Problem 4: Updatability Property for SVC

Updatability it is an essential notion for SVC. It comes in different degrees: hint-updatability that uses dynamic keys to make chenges, key-updatability with static keys or even better, keyless updatability. Hint-updatability essentially requires more interaction to perform an update as one should first obtain an opening for the position to be changed, before performing the update.

Directions:

  • Better Understand Updatability and Aggregation: We aim on constructing VCs with more flexible updatability properties in combination with other interesting features like aggregation. Seems that updatability is actually a more nuanced notion when considered in presence of aggregation: for example, not all VCs support updating aggregated proofs. Same holds for updatability of cross-aggregated proofs. Getting more insights about the relation between Aggregation and Updatability might be meaningful as a first step to understand the limits of combining such properties and improve existing constructions.

  • Cross Incremental Aggregation and Keyless-Updatability: Building VC with keyless-updatability and cross-commitment incremental aggregation is still an open problem.
    No scheme with constant-size public parameters that achieves these two properties simultaneously is known to date.

  • Lattice-Based SVC with Updatability: The lattice-based construction from [PSTY13] has a strong updatability property, not requiring any type of key, while it does not support neither subvector openings, nor any form of aggregation. Overcoming these limitations for known schemes is a further step to achieve better VC.
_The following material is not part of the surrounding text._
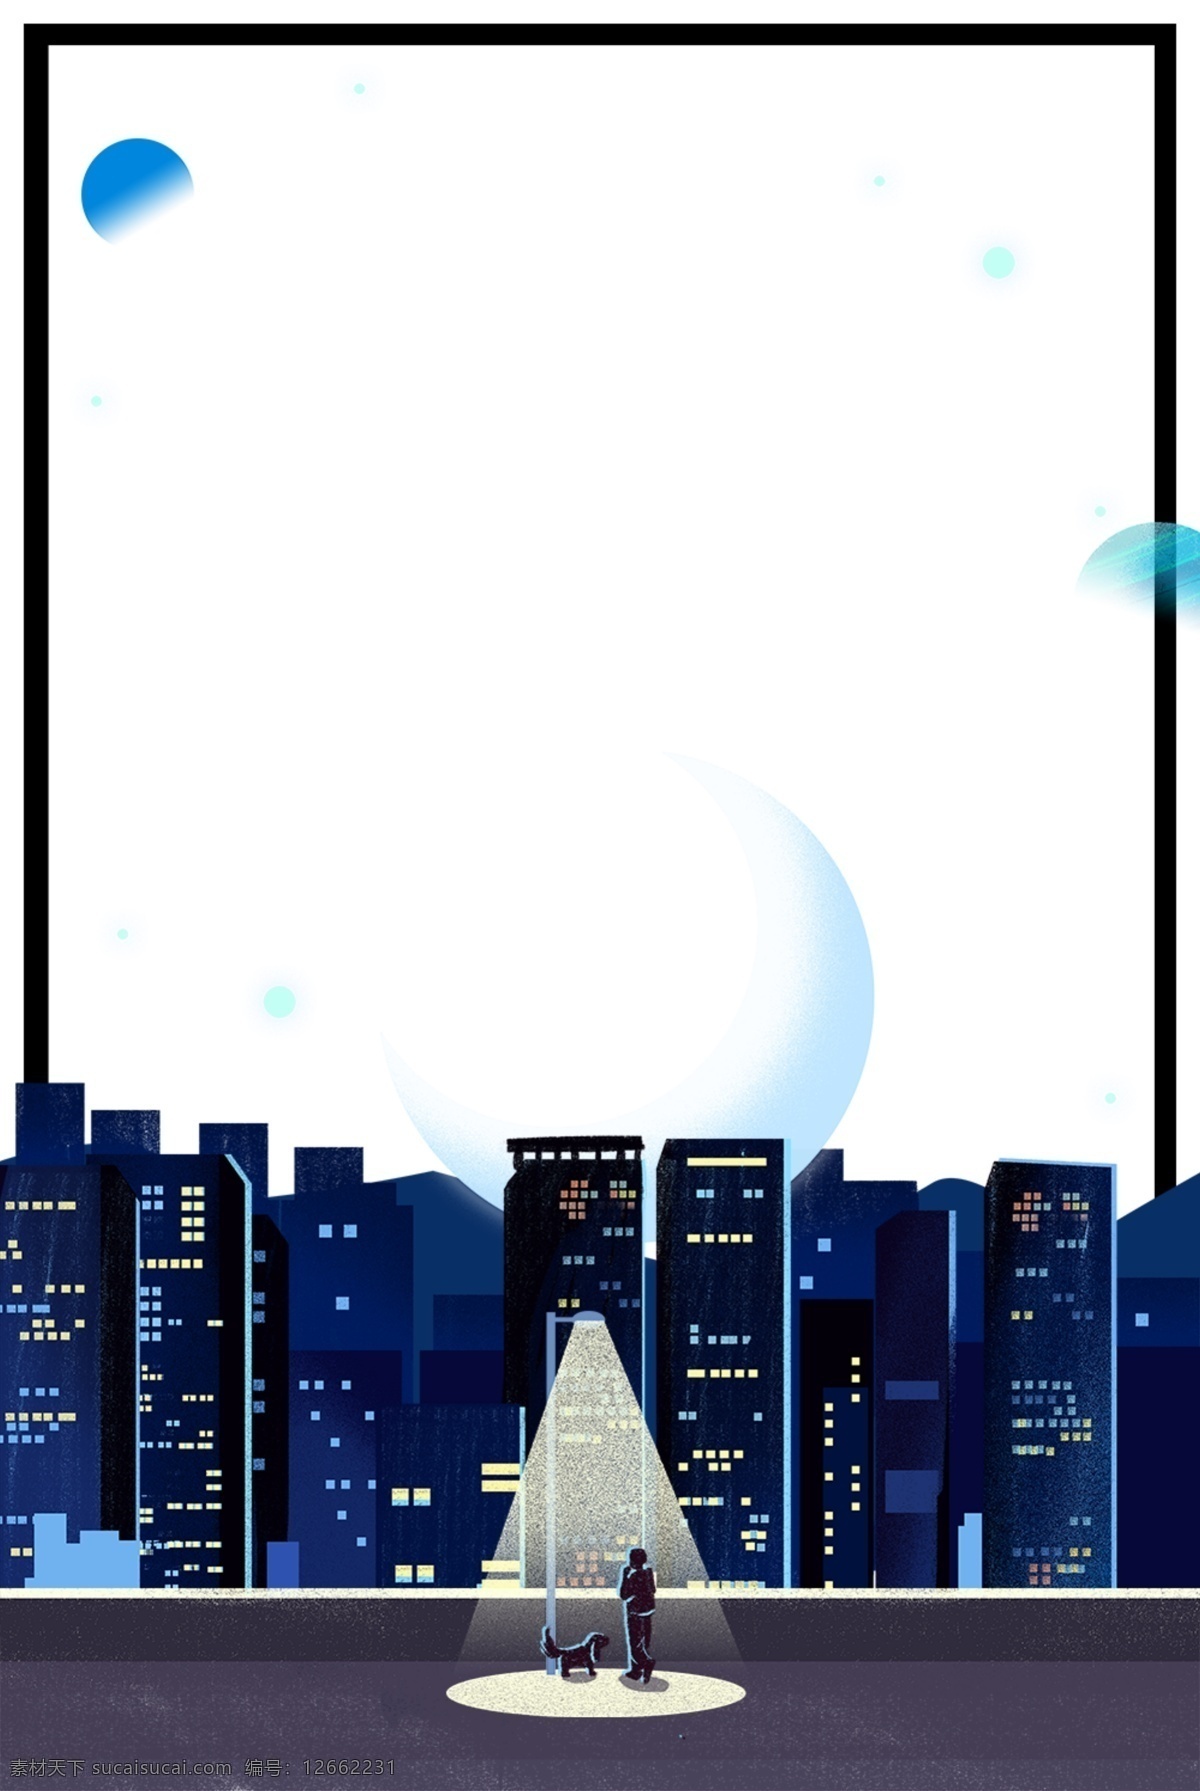 城市 夜景 主题 边框 卡通 手绘 精美 插画 海报插画 广告插画 小清新 简约风 装饰图案 城市夜景

Problem 5: Assumptions and Algebraic Settings for VC

All existing concise VC schemes with constant-size openings are based either on groups of unknown order or on bilinear groups.
It is thus an open question to find a VC that can be based on more light assumptions that eventually would not need a trusted setup.

Directions:

  • Lattice Assumptions: There is little work done to construct VCs based on lattice assumptions.
    Papamanthou et al. instantiate a homomorphic Merkle tree construction using Ajtai's hash function to obtain a lattice-based VC scheme but this has still logarithmic-size openings. A more challenging problem is finding a lattice-based scheme with constant-size openings. A possible approach is to start from understanding the existing lattice-based accumulators with constant-sized proofs. Turning them into a strongly-binding vector commitment would probably require some extra challenging work.
  • DLog Groups for VC: Seems more difficult to find a VC that can be based on the discrete-logarithm assumption or a related one, like CDH in groups without pairings. Bulletproofs is an example of such VC scheme with logarithmic-size openings. The challenge is to obtain concise VCs with preferable constant size openings from DLog assumptions.
  • Incrementally aggregatable SVC from prime order groups: Almost all known constructions for SVC are based on bilinear groups or group of unknown order. Would be interesting to explore constructing such schemes from discrete log assumptions in prime order groups. Such a scheme may be appealing for efficiency purposes since unknown order groups are typically less efficient than prime order groups.